The temperature estimates at the surface during February are shown in Fig. 6a. There are some clear indications of well-known circulation features, such as the cold water in the Gulf of Lion with a pattern of isolines extending toward the Bonifacio Straits and relatively warm water in the easternmost part of the Mediterranean. The coastal waters have a very high temporal and spatial variability and in particular, a significant year-to-year variability can also be expected; the estimates calculated with the method described in this paper cannot be assumed representative of the monthly characteristics. In any case, it is possible to comment on some features, such as the presence of cold water in the northern Adriatic Sea (<12°C) during February (Fig. 6a), which could be due to the strong cold and dry wind prevailing in that area during winter (bora wind). The relatively warm water offshore of Venice (>17°C) is not considered representative. The original MEDAR/MEDATLAS climatology provides a very smooth temperature field, without details on variability on a spatial scale of hundred kilometers and a comparison is not useful. For this reason, the so-called World Ocean Atlas 2009 (WOA09) climatology (Locarnini et al. 2010; Boyer et al. 2009) is used for comparison, although even this appears too smooth (Fig. 6b). The general west–east and south–north gradients are in both fields, but Fig. 6a shows a higher spatial variability.

Fig. 6.

(a) Mode 1 (see text) best estimate of surface temperature (0–2 m) in February obtained in this work. Contour interval is 0.5°C. The very high SST (>17°C) between Venice and the Istrian Peninsula can be explained by the relatively warm terrestrial effluents. The very low SST (<12°C) over and west of the Kvarner Gulf is likely caused by cold bora winds. (b) Climatology of surface (0 m) temperature in February from the WOA09 (Boyer et al. 2009). Contour interval is 0.5°C. The map has been obtained with the same parameters as used in Fig. 6a.

Fig. 6.

(a) Mode 1 (see text) best estimate of surface temperature (0–2 m) in February obtained in this work. Contour interval is 0.5°C. The very high SST (>17°C) between Venice and the Istrian Peninsula can be explained by the relatively warm terrestrial effluents. The very low SST (<12°C) over and west of the Kvarner Gulf is likely caused by cold bora winds. (b) Climatology of surface (0 m) temperature in February from the WOA09 (Boyer et al. 2009). Contour interval is 0.5°C. The map has been obtained with the same parameters as used in Fig. 6a.

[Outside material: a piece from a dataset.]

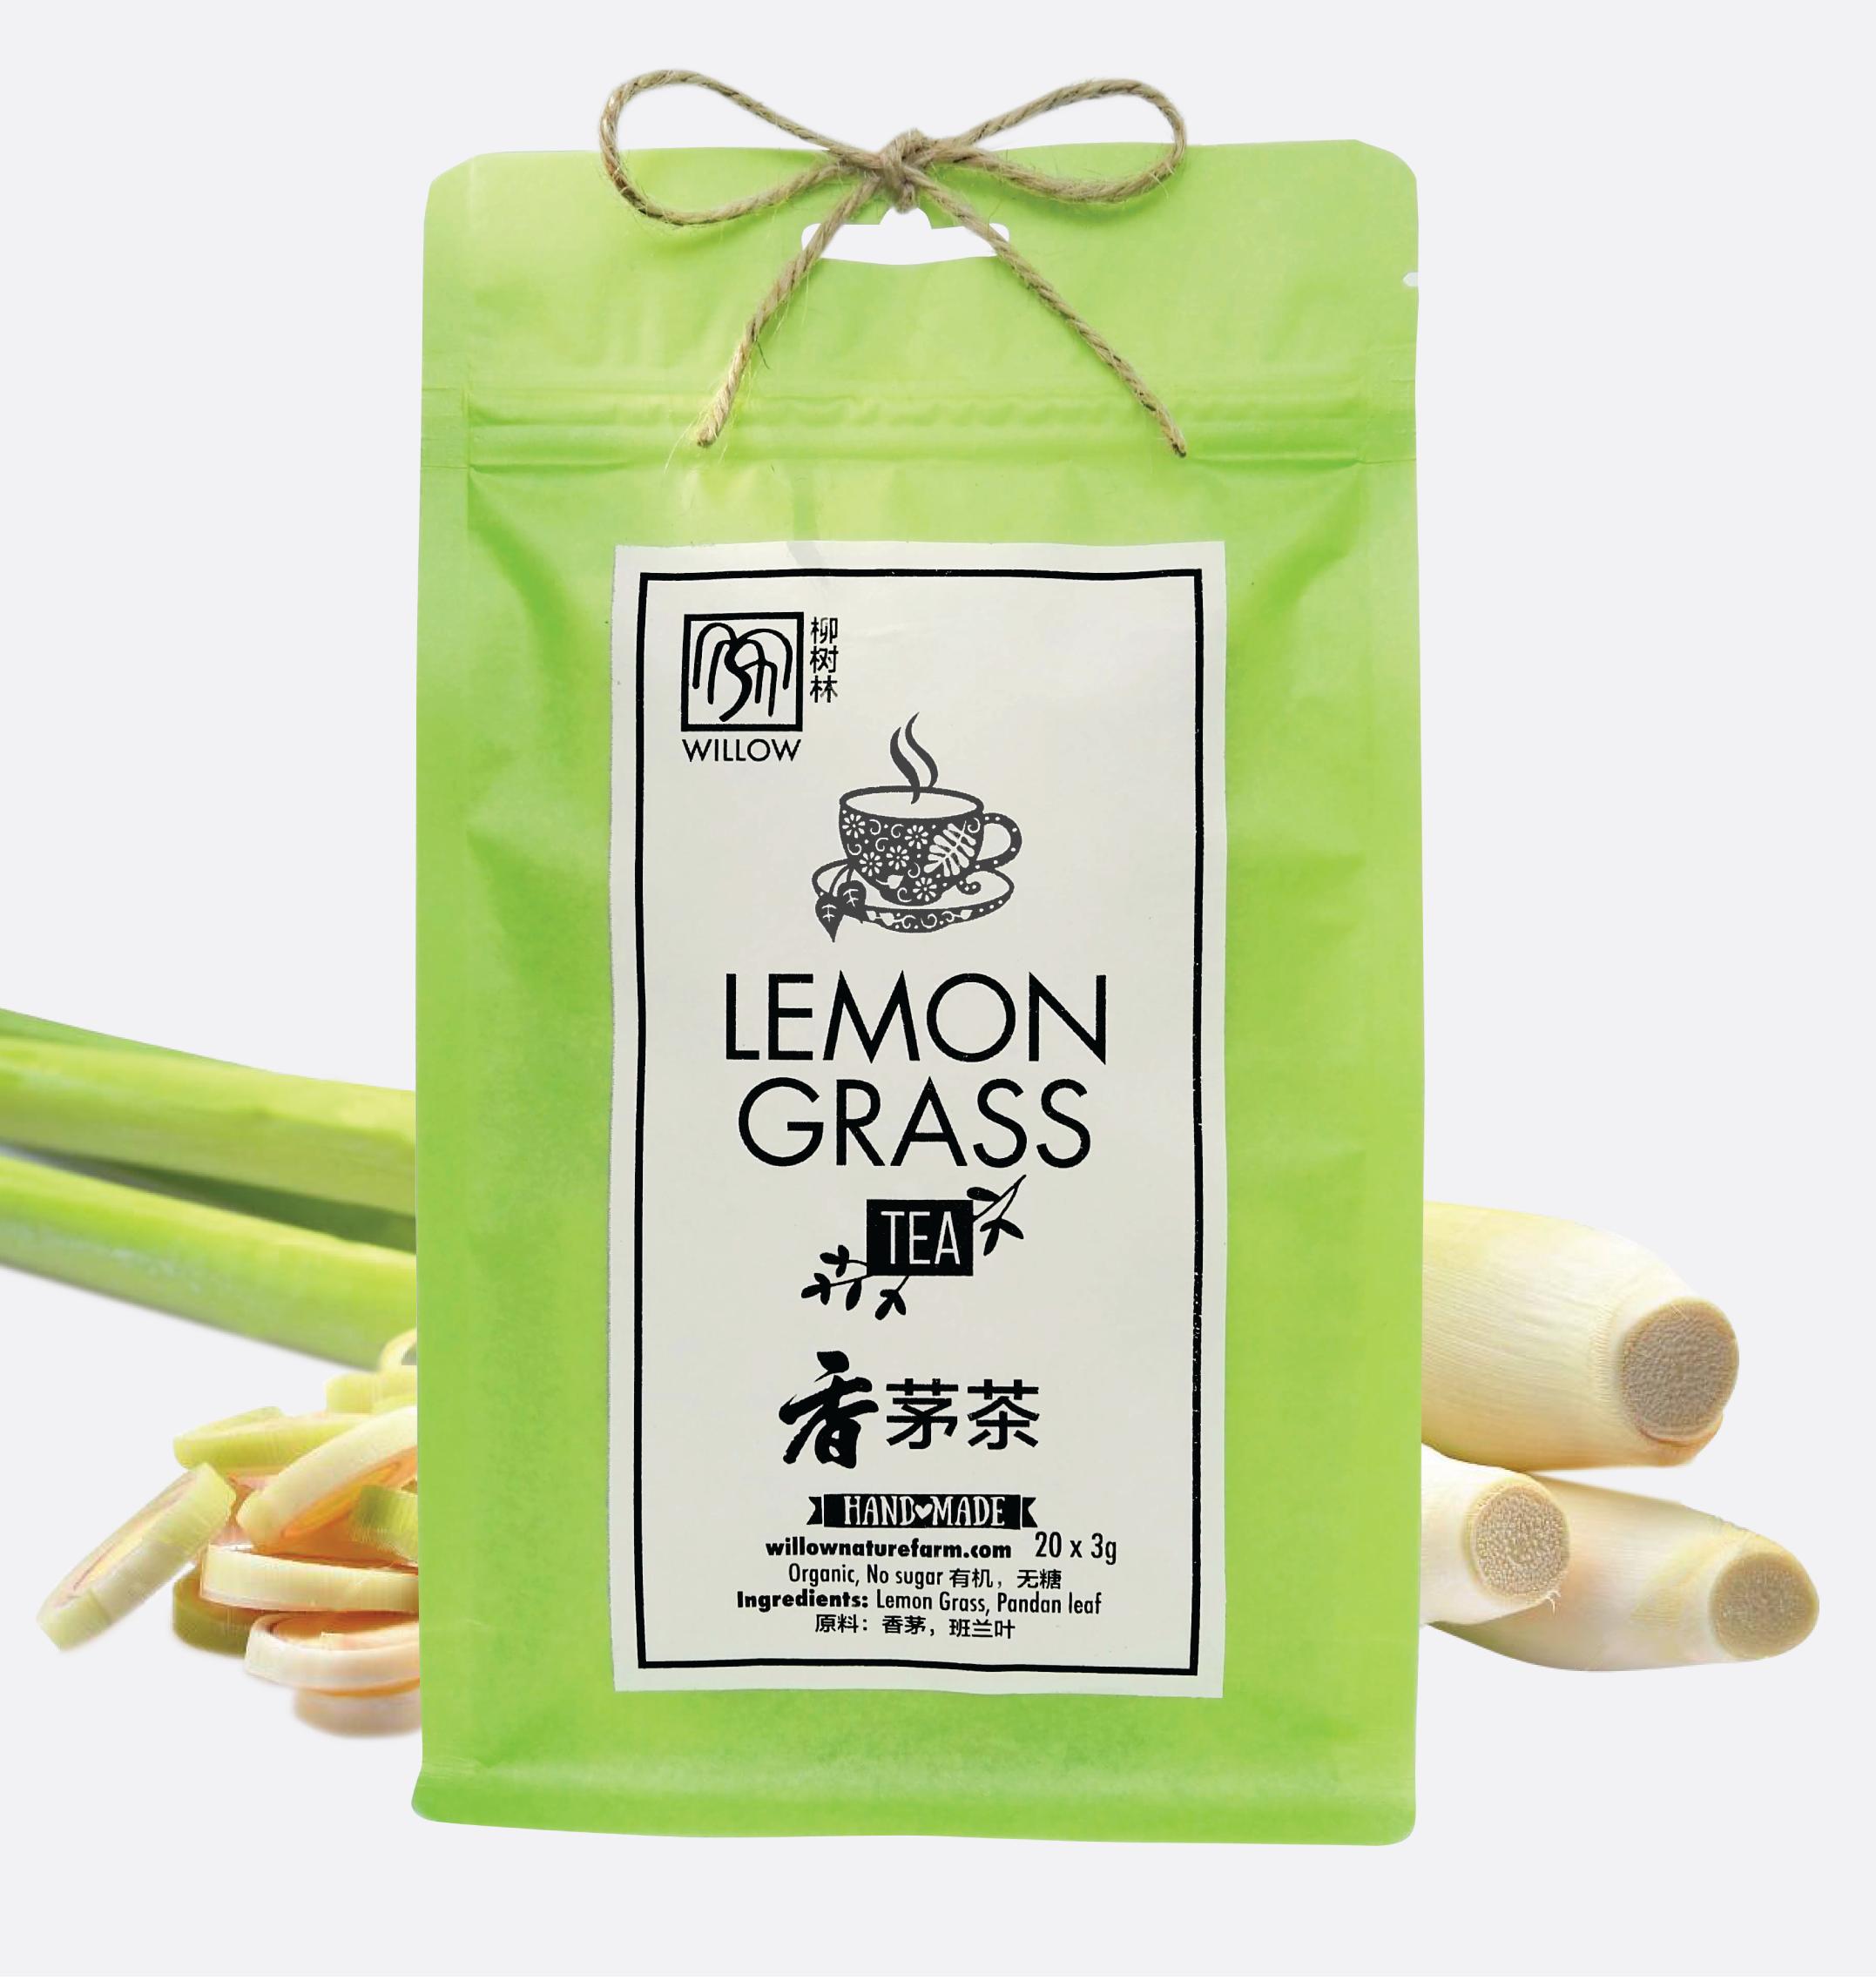 Lemon Grass Product pics-01.png

In August, the temperature gradients in the present field are higher than in February, and there are some typical patterns of the Mediterranean circulation, such as the relatively cold water in the Gulf of Lion, and the relatively warm water in the Tyrrhenian Sea (Fig. 7a). Here, too, the WOA09 climatology (Fig. 7b) shows a higher spatial variability compared to the MEDAR/MEDATLAS, but it is still smoother than the present one.

Fig. 7.

(a) Mode 1 (see text) best estimate of surface (0–2 m) temperature in August obtained in this work. Contour interval is 1°C. The map has been obtained with the same parameters as used in Fig. 5. The scale has been shifted toward higher temperatures. (b) Climatology of surface (0 m) temperature in August from the WOA09 (Boyer et al. 2009). Contour interval is 1°C. The same parameters in Fig. 7a have been used.

Fig. 7.

(a) Mode 1 (see text) best estimate of surface (0–2 m) temperature in August obtained in this work. Contour interval is 1°C. The map has been obtained with the same parameters as used in Fig. 5. The scale has been shifted toward higher temperatures. (b) Climatology of surface (0 m) temperature in August from the WOA09 (Boyer et al. 2009). Contour interval is 1°C. The same parameters in Fig. 7a have been used.

4. Bimodal distributions of data

In the previous section, the main characteristics of temperature fields obtained from the mode 1 best estimates were described for selected months.

We have found that for an index below 0.5, the distribution can be considered unimodal, while an index in the range of 05–0.8 is bimodal.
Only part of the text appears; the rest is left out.